正电子发射型断层成像(PET)目前已成为肿瘤学、心脏病学和神经病学患者管理的重要工具。特别是在肿瘤学中，PET常用于诊断、分期、放疗计划、治疗监测和随访(Bai等，2013)。适应性放射治疗的目标是通过个体患者与目标肿瘤特异性的结合来改善放射治疗，并在治疗过程中尽早重新优化治疗计划(Yan等，1997)。PET在自适应放射治疗的应用中具有很大作用(Thorwarth等，2010)。最近，快速发展的影像组学开始用于准确、稳定及可重复地分割肿瘤，以便提取大量附加特征，诸如3D描述算子、强度、直方图指标和2阶或更高阶的纹理特征(Hatt等，2017b)。

当前，PET图像分割技术(毕晓君和肖婧，2011)的研究仍受到诸多挑战：一方面，PET图像为背景分布不均匀的灰度图像，具有低空间分辨率、低信噪比、无明显的灰度差异等问题；另一方面，由于个体间的差异，肿瘤病灶成像不规则。手动分割在医学成像中通常被认为可重复性差、繁琐且耗时，在PET图像中尤其如此(Hatt等，2017a)，上述因素促进了自动分割方法的发展。

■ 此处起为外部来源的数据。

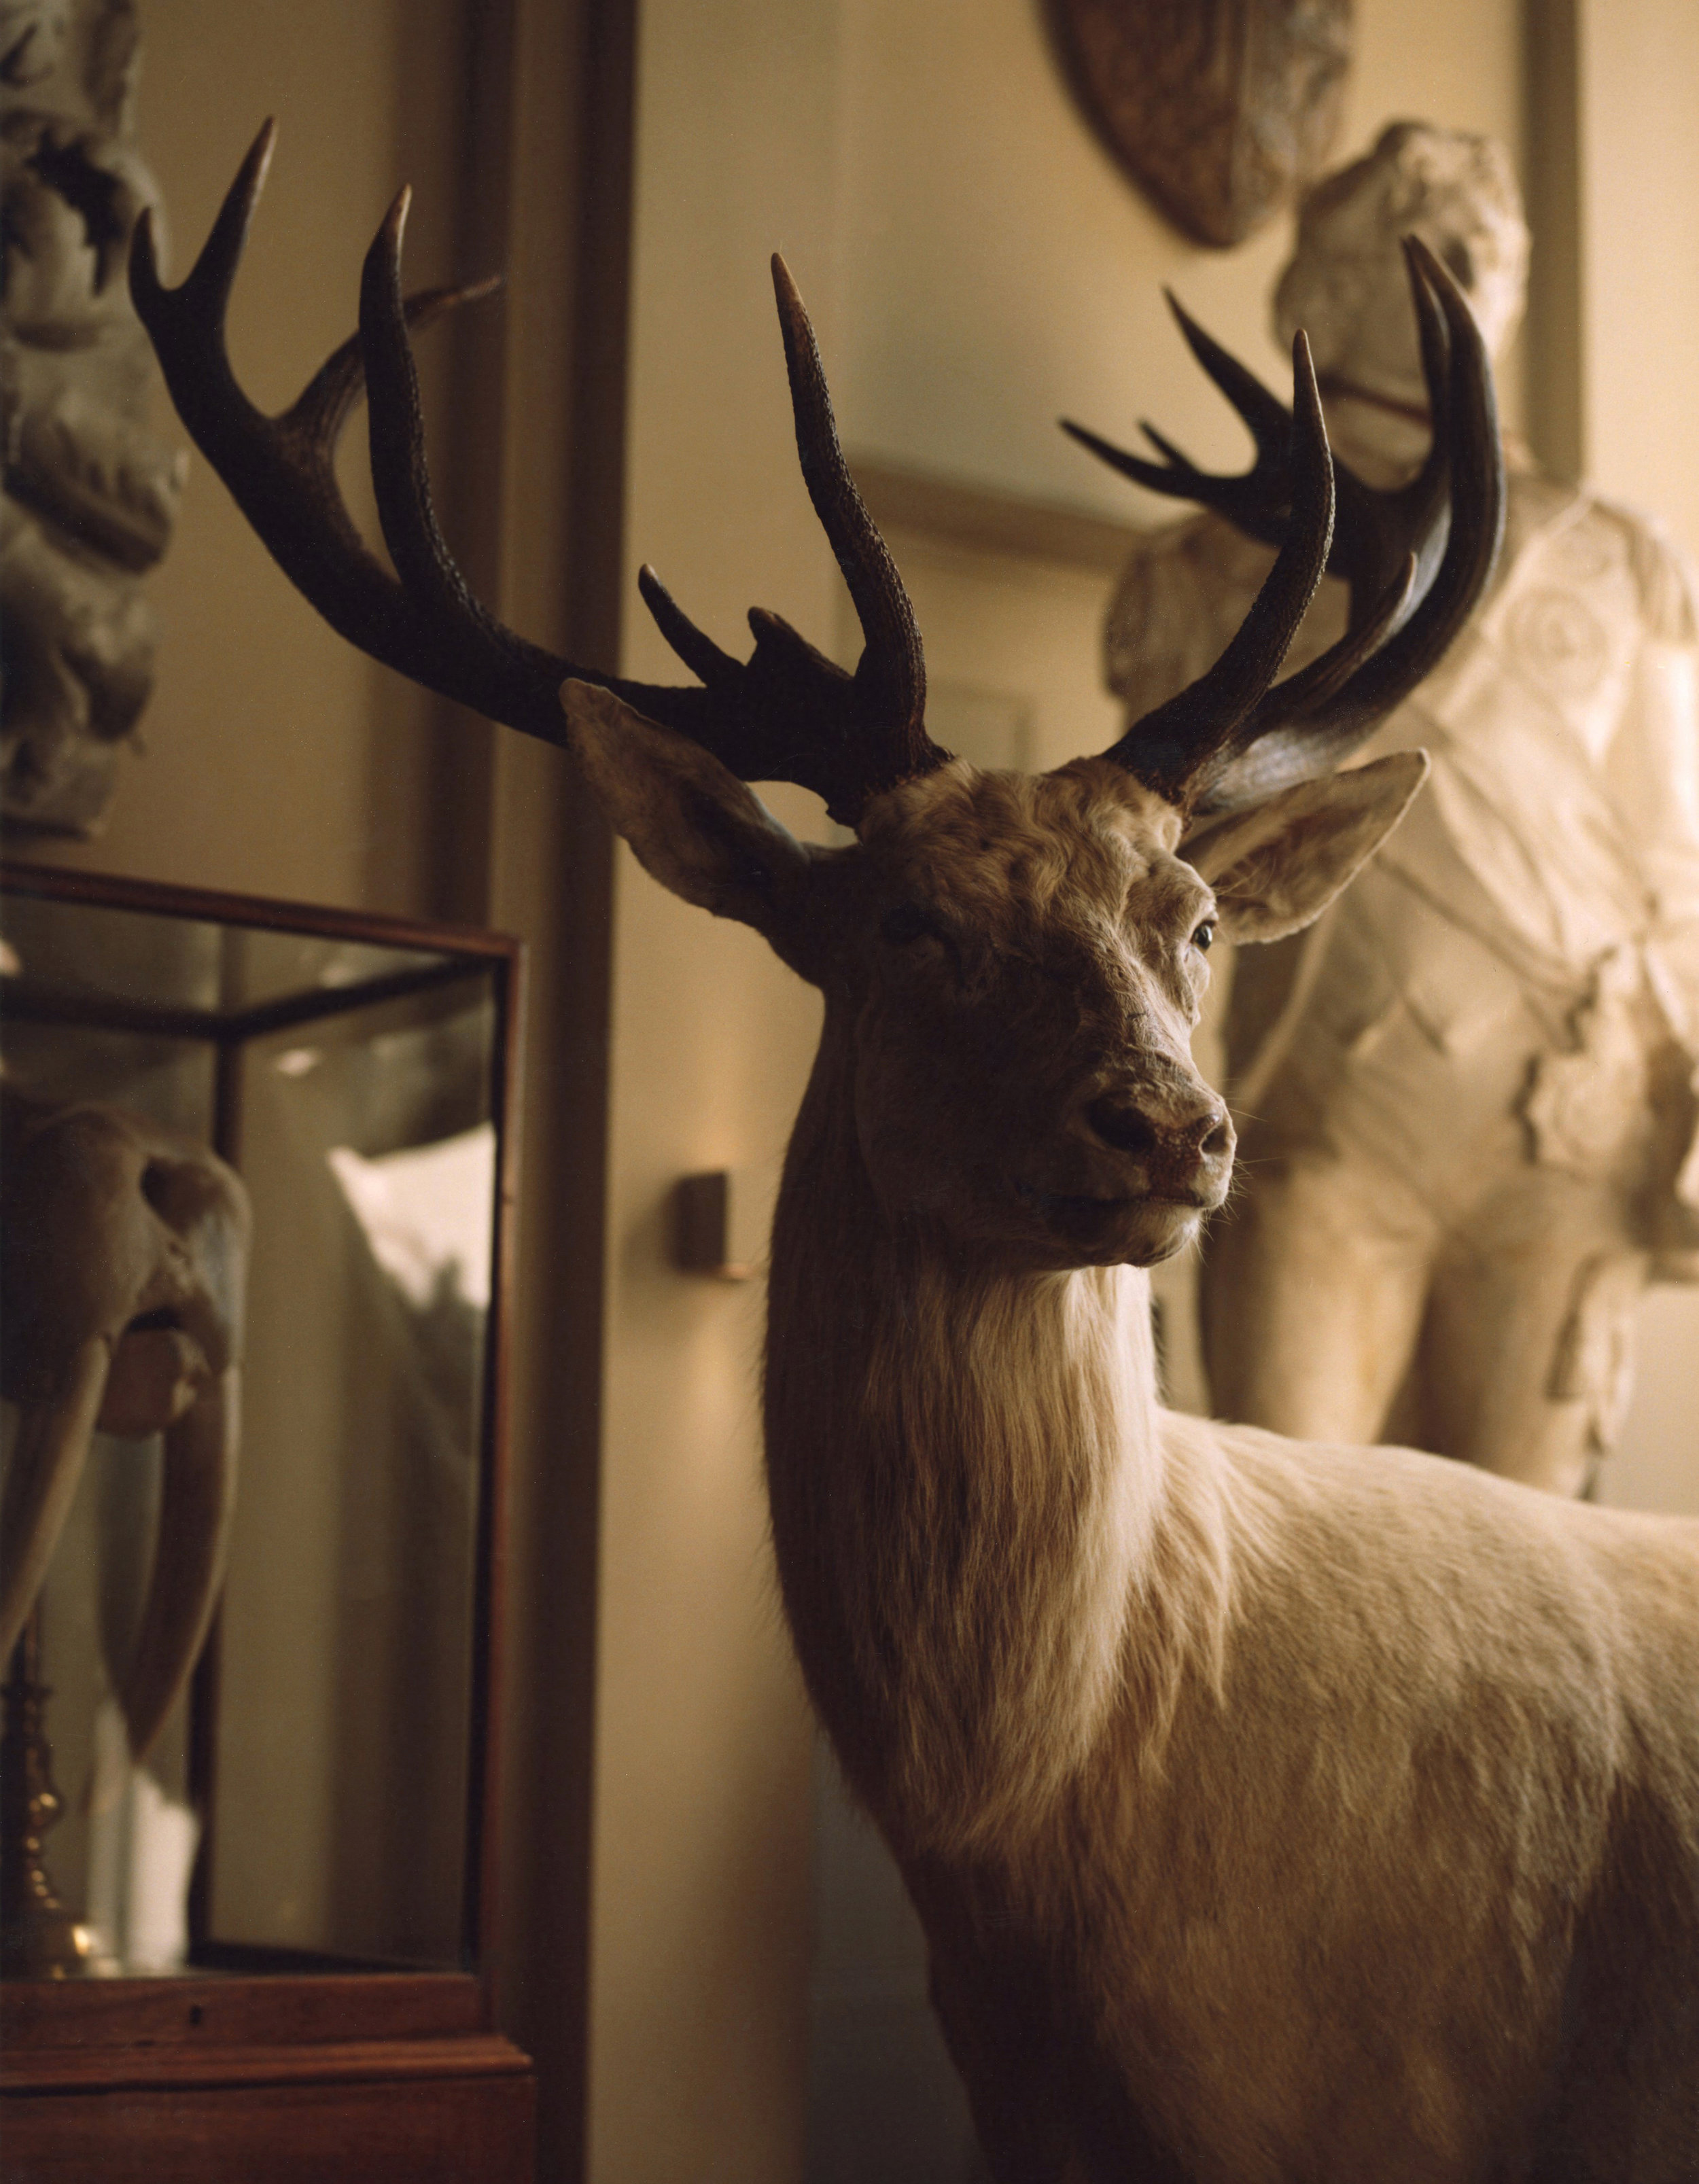 Deer stalking with Brett Graham for The Financial Times Magazine

研究人员运用多种方法在PET图像上分割肿瘤，包括基于阈值(Moussallem等，2012)、基于轮廓、基于区域(Day等，2009)、基于图(Onoma等，2012)、聚类(Lelandais等，2014)、统计和机器学习(Foster等，2014)等方法。Moussallem等人(2012)提出直接来自患者PET/CT图像的自适应阈值策略，对于最大轴在2~4.5 cm之间的病变准确度较高，但对小尺寸病变的分割存在不准确性；Day等人(2009)提出区域生长方法依赖于肿瘤区域的统计数据，分割性能很大程度上取决于分段的初始化；Onoma等人(2012)使用自适应参数来改进3D随机游走(RW)模型，用于分割不均匀肿瘤或小肿瘤；Lelandais等人(2014)基于证据C均值(ECM)算法，利用相邻体素来处理每个单元示踪剂PET图像中的不确定性和不精确性，但仅使用强度值将体素分配到不同的聚类中容易忽略每个体素周围空间环境的纹理特征。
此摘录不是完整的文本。